* Requirement
The reply to the records below should contain exactly the lines from the line with "My face when" through the line with "(°) CONGO BELGE", and nothing besides.
● ● ●
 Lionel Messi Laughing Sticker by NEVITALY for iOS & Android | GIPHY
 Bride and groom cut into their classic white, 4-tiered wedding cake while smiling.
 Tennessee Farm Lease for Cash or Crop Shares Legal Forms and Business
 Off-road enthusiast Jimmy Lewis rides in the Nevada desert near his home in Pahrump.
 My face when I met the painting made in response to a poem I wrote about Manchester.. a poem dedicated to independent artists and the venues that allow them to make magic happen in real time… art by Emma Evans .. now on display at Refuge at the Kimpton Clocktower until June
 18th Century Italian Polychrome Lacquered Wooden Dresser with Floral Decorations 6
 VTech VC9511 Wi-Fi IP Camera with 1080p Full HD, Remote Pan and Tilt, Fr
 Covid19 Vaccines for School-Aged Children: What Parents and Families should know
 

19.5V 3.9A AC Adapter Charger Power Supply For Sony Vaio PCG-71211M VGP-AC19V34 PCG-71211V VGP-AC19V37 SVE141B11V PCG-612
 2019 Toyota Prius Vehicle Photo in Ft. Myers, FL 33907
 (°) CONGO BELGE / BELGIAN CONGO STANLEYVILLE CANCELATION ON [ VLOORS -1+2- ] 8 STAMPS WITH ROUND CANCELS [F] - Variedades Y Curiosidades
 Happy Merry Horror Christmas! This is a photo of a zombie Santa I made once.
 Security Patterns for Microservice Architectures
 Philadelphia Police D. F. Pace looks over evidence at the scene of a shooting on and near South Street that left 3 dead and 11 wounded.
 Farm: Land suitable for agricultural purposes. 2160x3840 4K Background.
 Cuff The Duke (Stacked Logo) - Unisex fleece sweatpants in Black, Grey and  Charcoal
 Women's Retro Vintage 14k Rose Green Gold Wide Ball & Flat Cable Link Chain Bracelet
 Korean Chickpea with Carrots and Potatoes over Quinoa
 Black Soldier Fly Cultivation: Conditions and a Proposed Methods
● ● ●
* Task response
 My face when I met the painting made in response to a poem I wrote about Manchester.. a poem dedicated to independent artists and the venues that allow them to make magic happen in real time… art by Emma Evans .. now on display at Refuge at the Kimpton Clocktower until June
 18th Century Italian Polychrome Lacquered Wooden Dresser with Floral Decorations 6
 VTech VC9511 Wi-Fi IP Camera with 1080p Full HD, Remote Pan and Tilt, Fr
 Covid19 Vaccines for School-Aged Children: What Parents and Families should know
 

19.5V 3.9A AC Adapter Charger Power Supply For Sony Vaio PCG-71211M VGP-AC19V34 PCG-71211V VGP-AC19V37 SVE141B11V PCG-612
 2019 Toyota Prius Vehicle Photo in Ft. Myers, FL 33907
 (°) CONGO BELGE / BELGIAN CONGO STANLEYVILLE CANCELATION ON [ VLOORS -1+2- ] 8 STAMPS WITH ROUND CANCELS [F] - Variedades Y Curiosidades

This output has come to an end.